Every element $x \in A$ is $x\geq-1$(why?) Thus $-1$ is a lower bound of $A$. Can you find a larger lower bound of $A$? The largest of the lower bounds is the $\inf A$.
Edit: You got it right $\sup A=2$ and $\inf A=-1.$
To prove this you must show that $2$ is an upper bound of $A$ (i.e. $x\leq 2, \ \forall x \in A$ ) and that for any $\epsilon>0, \ 2-\epsilon$ is not an upper bound of $A$(i.e. there is an $x \in A$ with $x>2-\epsilon$) . SImilar with $\inf A$.
First of all, let me note that the terms minimum, maximum, infimum and supremum do not live in a vacuum. They are properties that a certain element can have with respect to a given order. Now forget about this and let us only focus on the order $(\Bbb R; \le)$ that you seem to be interested in. Given any subset of real numbers $S \subseteq \Bbb R$, we may ask whether or not there is some $r \in \Bbb R$ such that $r$ is bigger then all the elements in $S$. If such an $r$ exists, we call it an upper bound for $S$.
For example: Let $S = (0,1)$. Every element $s \in S$ is smaller than $5$ and hence $5$ is an upper bound for $S$. However, there are smaller upper bounds. $4$ is an upper bound for $S$ as well and so is $\pi$ and $\sqrt{2}$. We may hence ask if there is a least upper bound for $S$ and in fact, we have that $1$ is an upper bound for $S$ and no $r < 1$ is an upper bound for $S$. Hence $1$ is the least upper bound for $S$, which we also call the supremum of $S$.
We designed the real numbers in such a way that once a given subset of reals $S \subseteq \Bbb R$ has any upper bound, it will always have a (unique!) least upper bound, i.e. a supremum. (A supremum is, by definition, the same as a least upper bound.) Let me stress that this is by construction of the reals, it is not true for other orders. For example, in $(\Bbb Q; \le)$, the set $\{ q \in \Bbb Q \mid q^2 < 2\}$ clearly has an upper bound, but it doesn't have a supremum.
Let us return to $(\Bbb R; \le)$. Note that $\{ x \in \Bbb R \mid 0 < x \}$ does not have an upper bound and thus does not have a supremum. Recall that any subset $S \subseteq \Bbb R$ has a supremum if and only if it has an upper bound.
So what about maxima? A maximum of a set of reals $S \subseteq \Bbb R$ is a least upper bound of $S$ that is also an element of $S$. Since suprema are unique (provided they exist), we thus have that a maxima of $S$ is also the supremum of $S$ and that $S$ has at most one maximum.

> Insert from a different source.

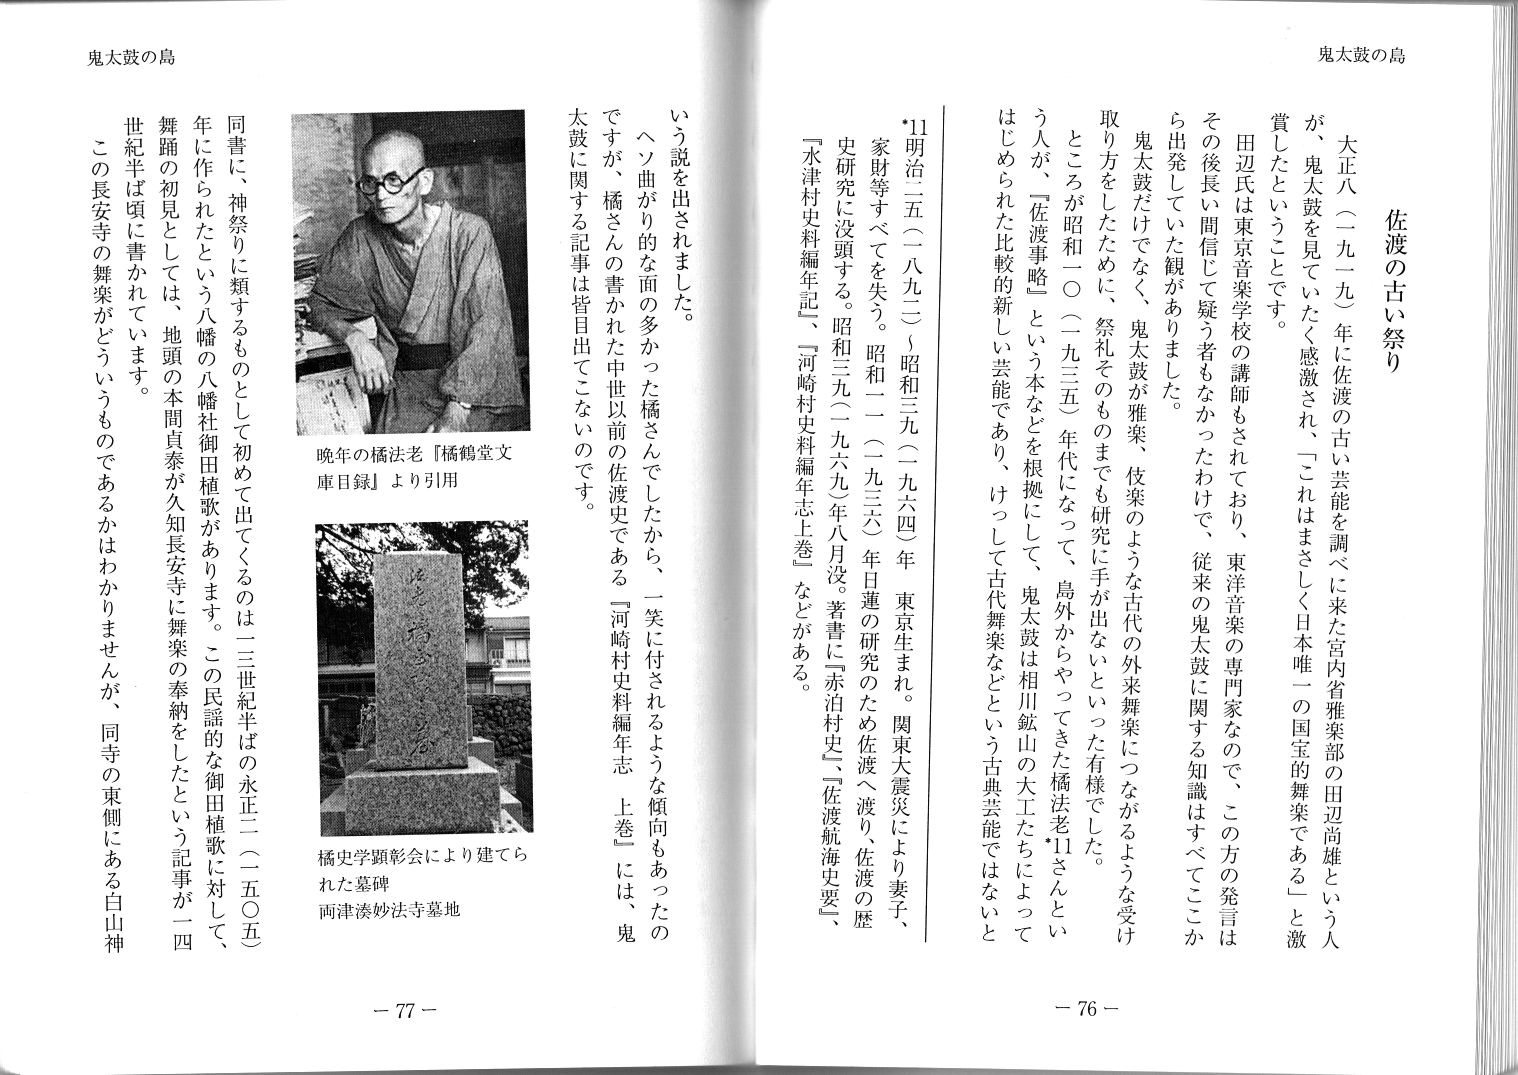 たち橘法老日本海文化研究所報告 第一集 令和元年7月 (1)

Let's have a second look at $S = (0,1)$. We already know that $S$ has $1$ as it's suprema, but $1 \not \in (0,1)$. This immediately implies that $S$ does not have a maximum. (By the argument above, if $S$ had a maximum, it would be equal to its supremum. But the supremum of $S$ is not an element of $S$ and hence not a maximum.)
I'll leave the case for infima of $S \subseteq \Bbb R$ (which are greatest lower bounds of $S$) and minima of $S$ (which are greatest lower bounds of $S$ that are also elements of $S$) to you.
Best Answer
You are correct!
Indeed, if you feel uncomforatble to work with negative signs, just compute $\inf A$ and $\sup A$ where $A=\{1/n:n \in \Bbb N\}$ and then use $$\sup(-A)=-\inf A\\\inf(-A)=-\sup A$$